Ces éléments, fixés par l’arrêté du 26 janvier 2022 relatif à l’information des consommateurs par les professionnels intervenant dans une transaction immobilière, doivent mieux informer le locataire en amont et souligner combien il pourrait éventuellement économiser, dans le cas où il y a un complément de loyer.

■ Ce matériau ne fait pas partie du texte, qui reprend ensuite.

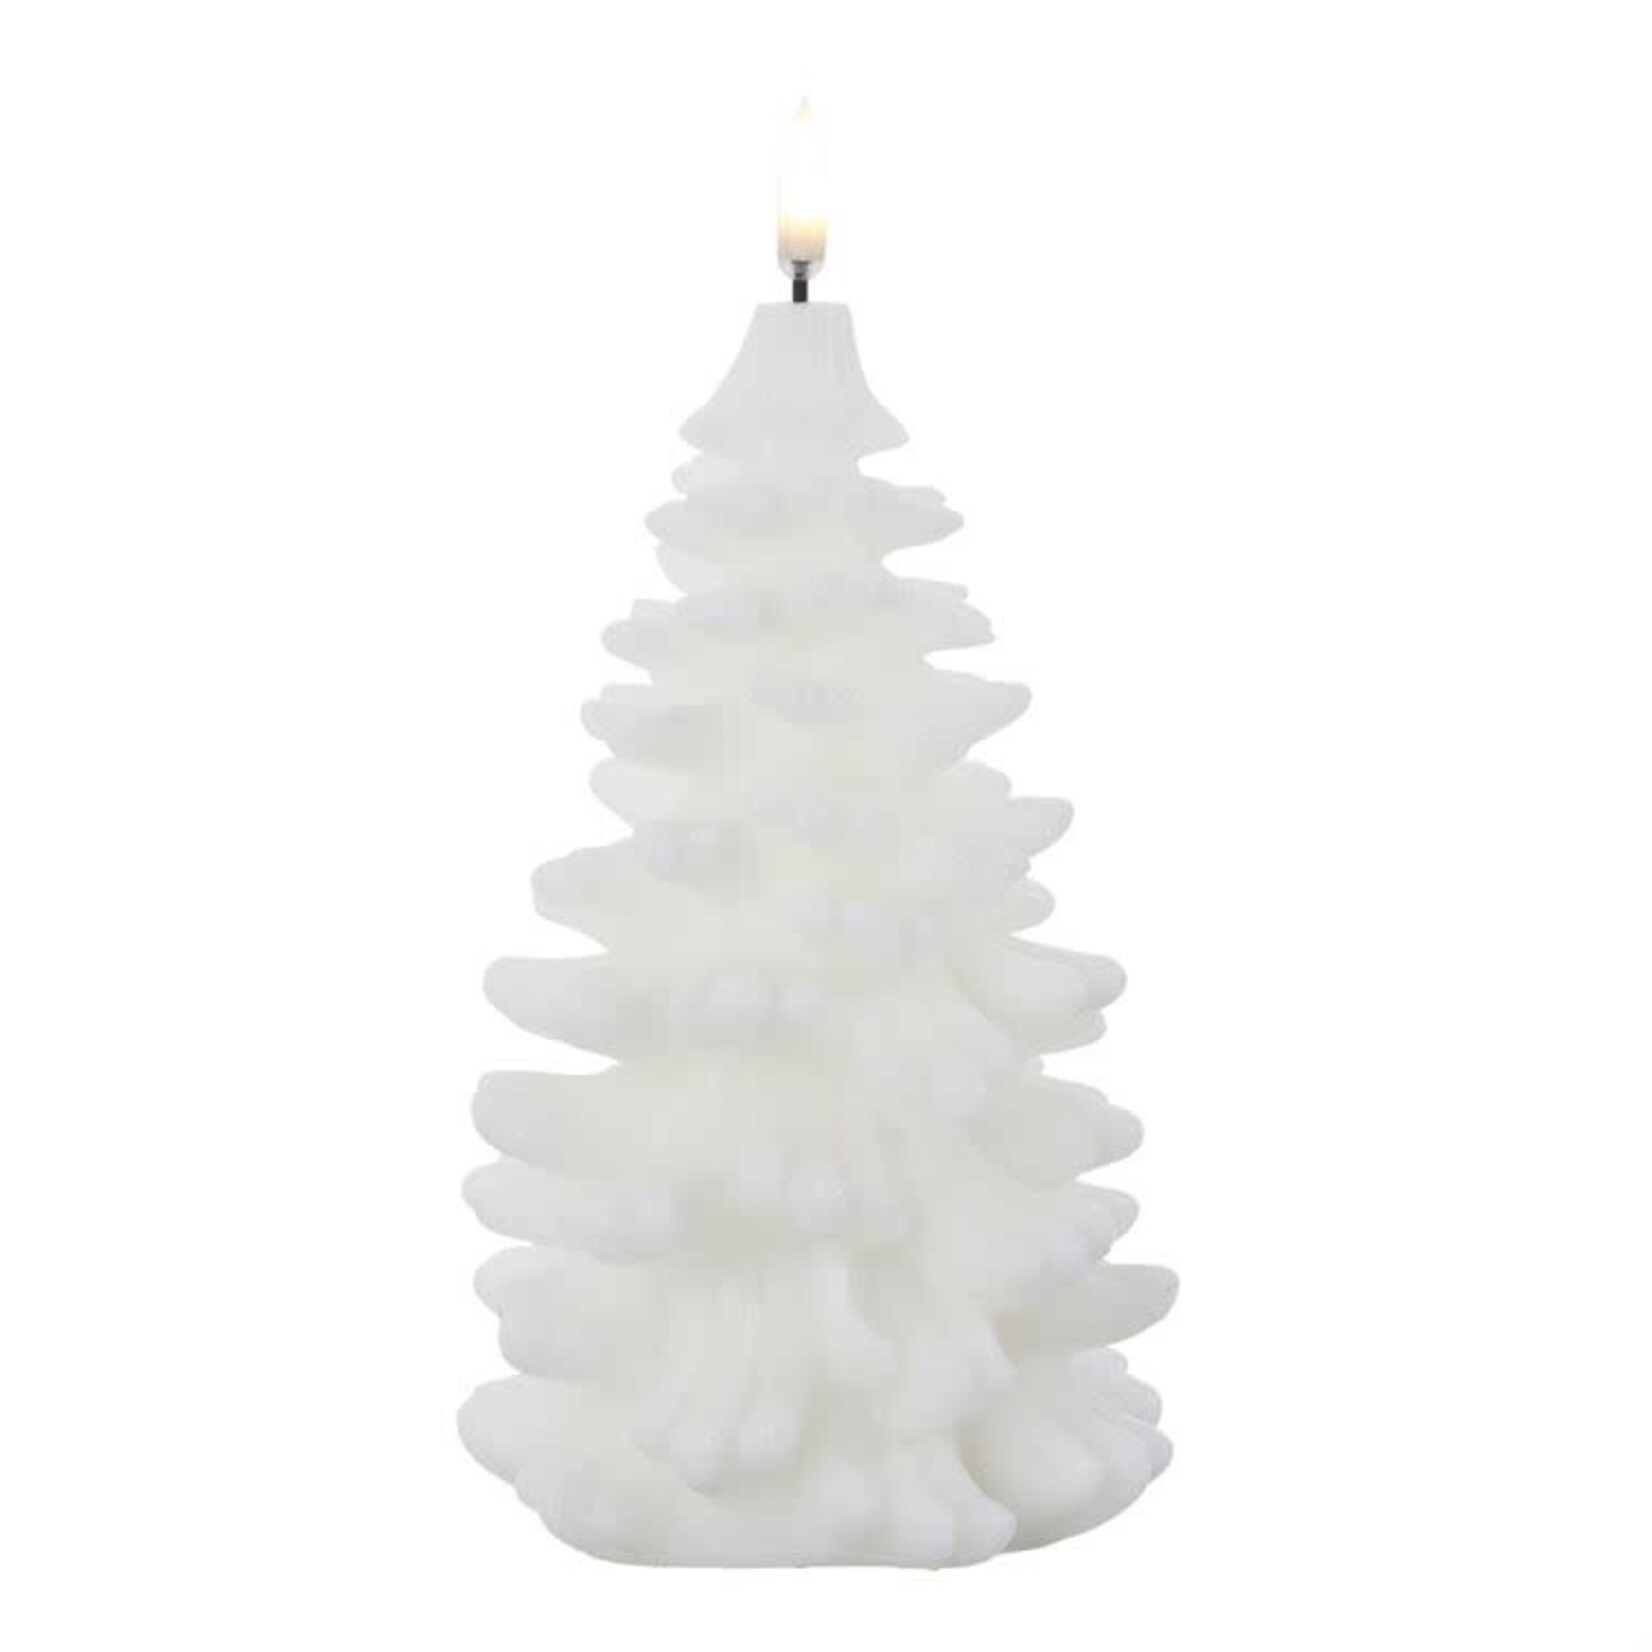 RAZ Imports White Christmas Tree Flameless Candle 4.25x8

Et dissuader les propriétaires d’appliquer ces compléments, en leur donnant de la visibilité.

Pour l’instant, ces règles s’imposent seulement aux professionnels de l’immobilier, mais les annonces diffusées par les particuliers doivent également y être soumises très prochainement – un texte d’application est attendu sous peu, selon les services de la ministre chargée du logement, Emmanuelle Wargon.

Trois mois pour contester

« Le but est aussi que les locataires soient plus nombreux à exercer leurs possibilités de recours. Mais ils ne le font pas, car ils craignent de ne pas trouver de logement ou ne souhaitent pas entrer en conflit avec leur propriétaire », pense Corinne Jolly, présidente de De particulier à particulier.

Le locataire peut, en effet, contester un complément de loyer trois mois après la signature du bail devant la commission départementale de conciliation puis en justice. Les services de l’Etat peuvent aussi vérifier l’application du texte, avec à la clé une amende pouvant atteindre de 5 000 euros pour une personne physique à 15 000 euros pour une personne morale. Le ministère de l’économie espère d’ailleurs que les mentions indiquées dans l’annonce aideront ses services à mieux contrôler les logements loués au-dessus des plafonds.